Start of Block
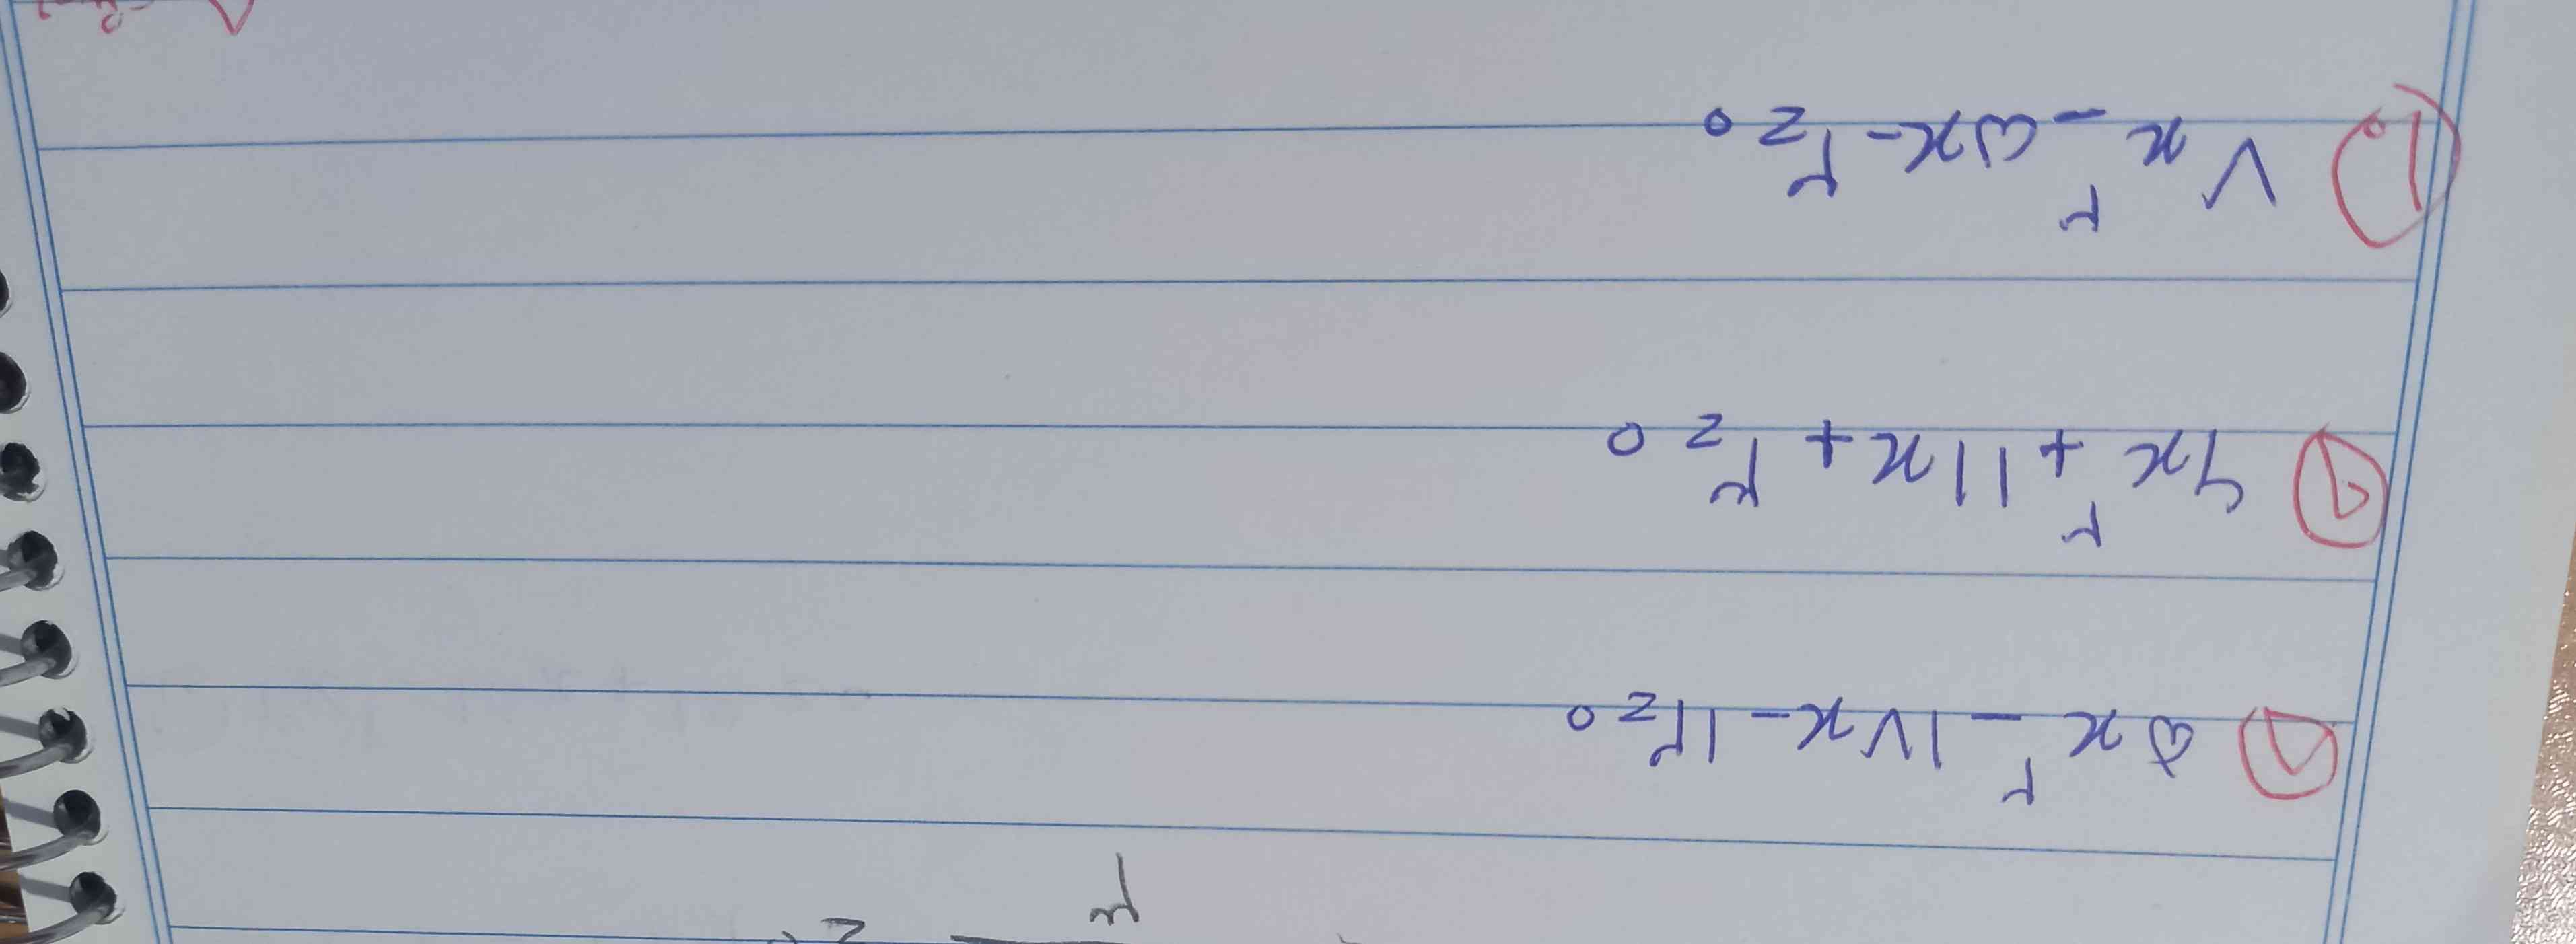 سلام دوستان لطفا این معادله ها را برایم حل کنید به روش تجزیه معرکه میزنم 
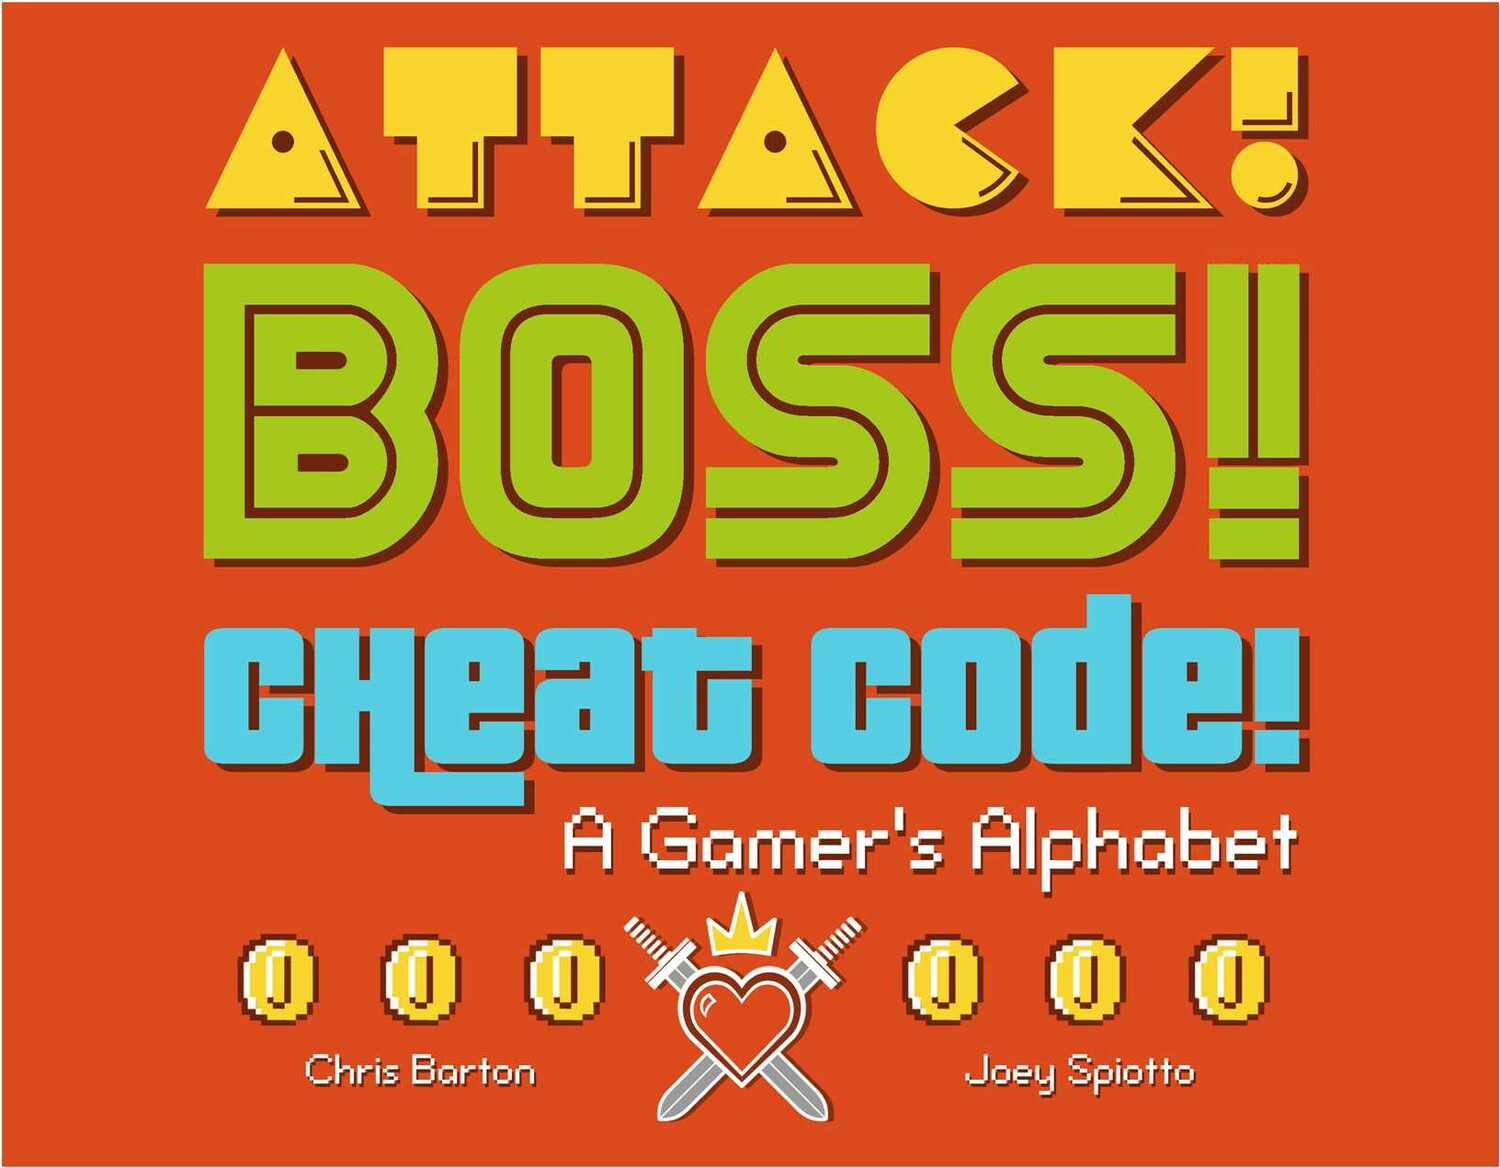 Attack! Boss! Cheat Code!
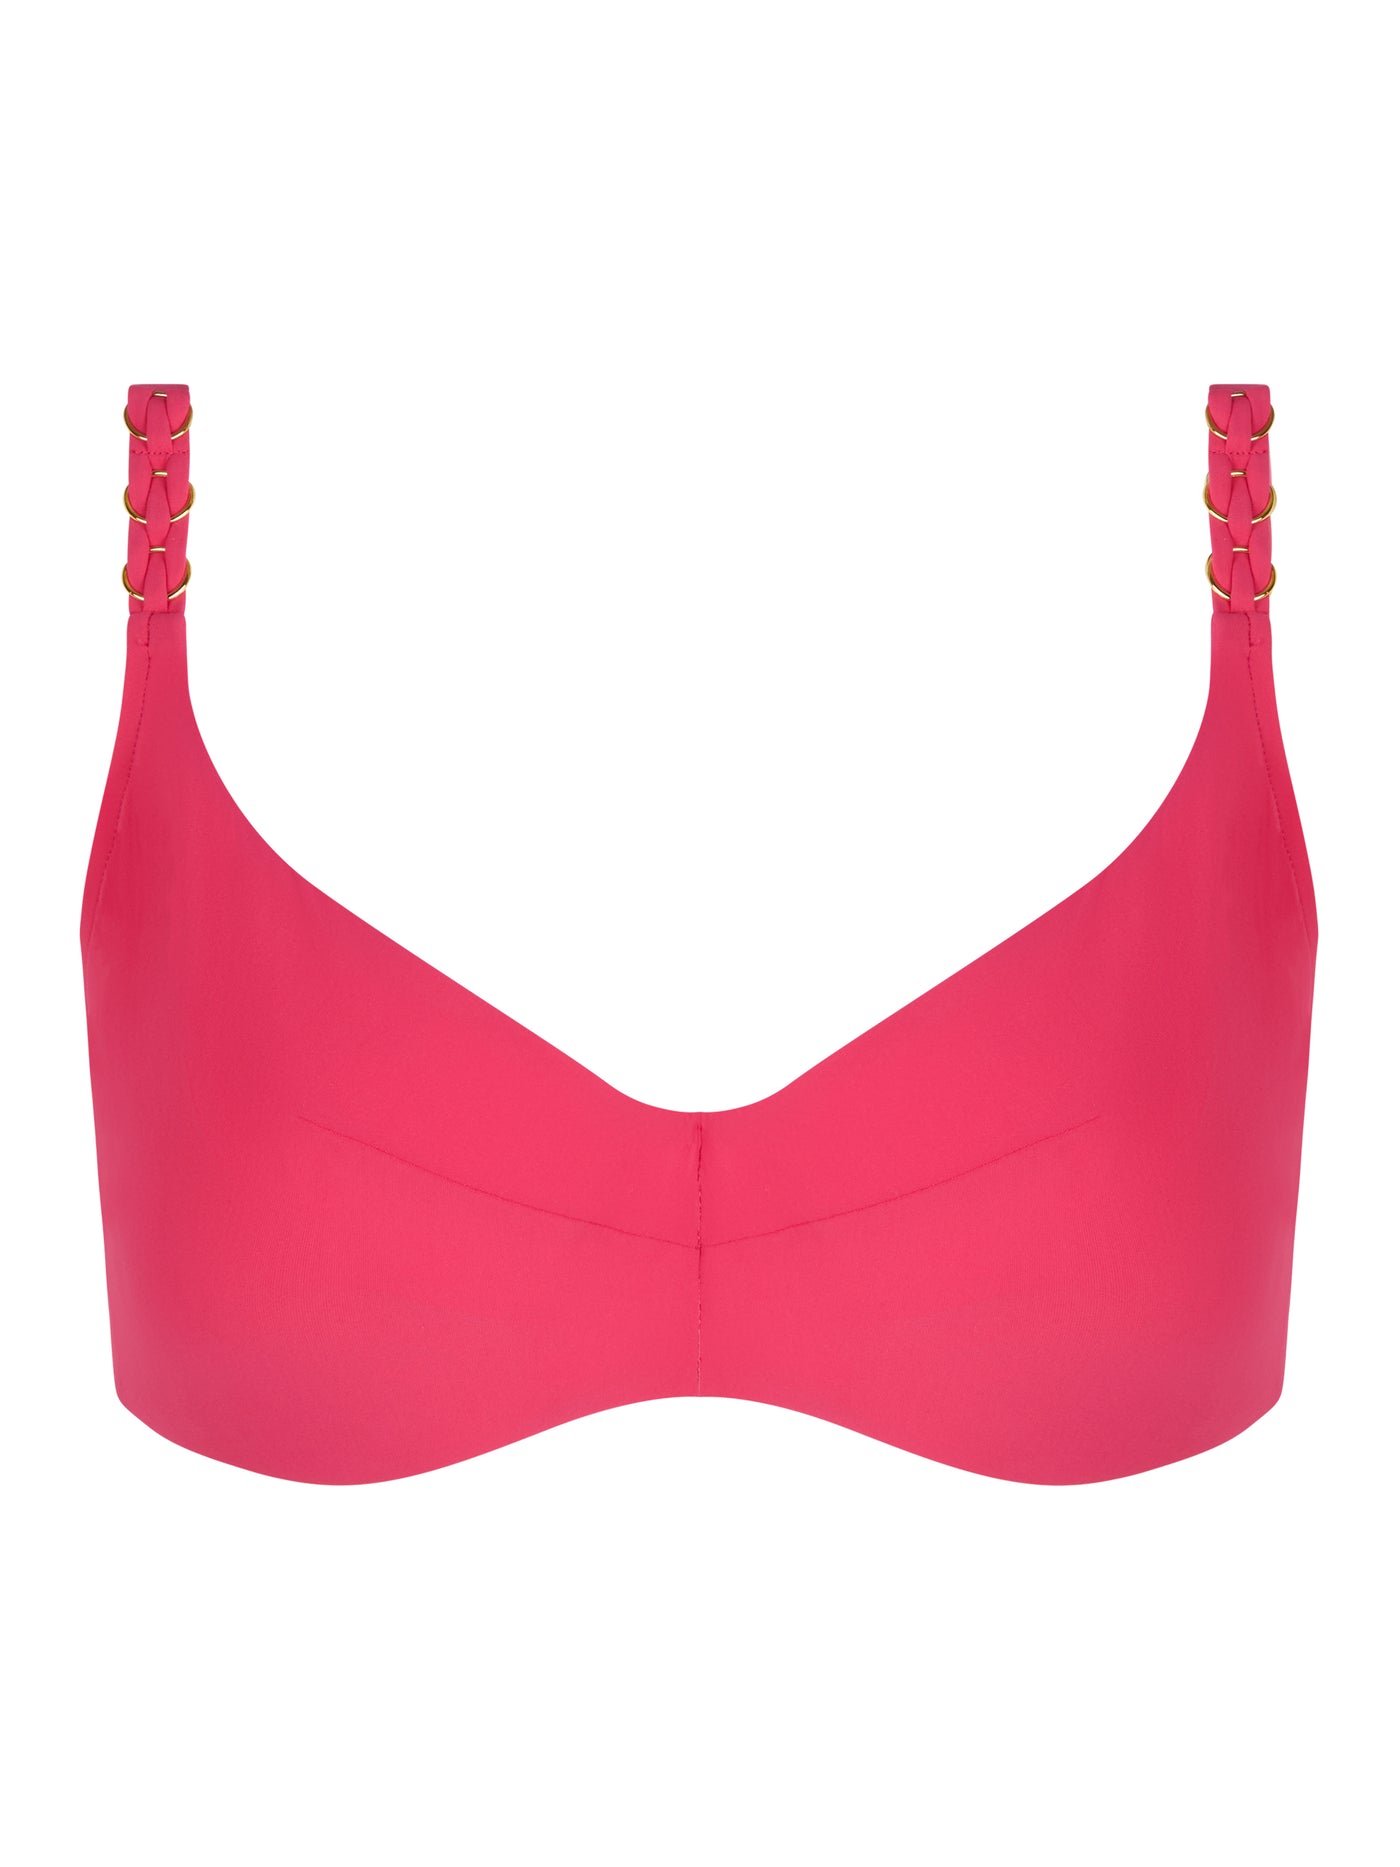 Chantelle Beachwear Emblem full cup wire bra Cybele Pink
End of Block
◆ EXERCISE AIM ◆
Word for word, restate the material above; do not carry over the pictures.

◆ TASK SOLUTION ◆
 سلام دوستان لطفا این معادله ها را برایم حل کنید به روش تجزیه معرکه میزنم 
 Attack! Boss! Cheat Code!
 Chantelle Beachwear Emblem full cup wire bra Cybele Pink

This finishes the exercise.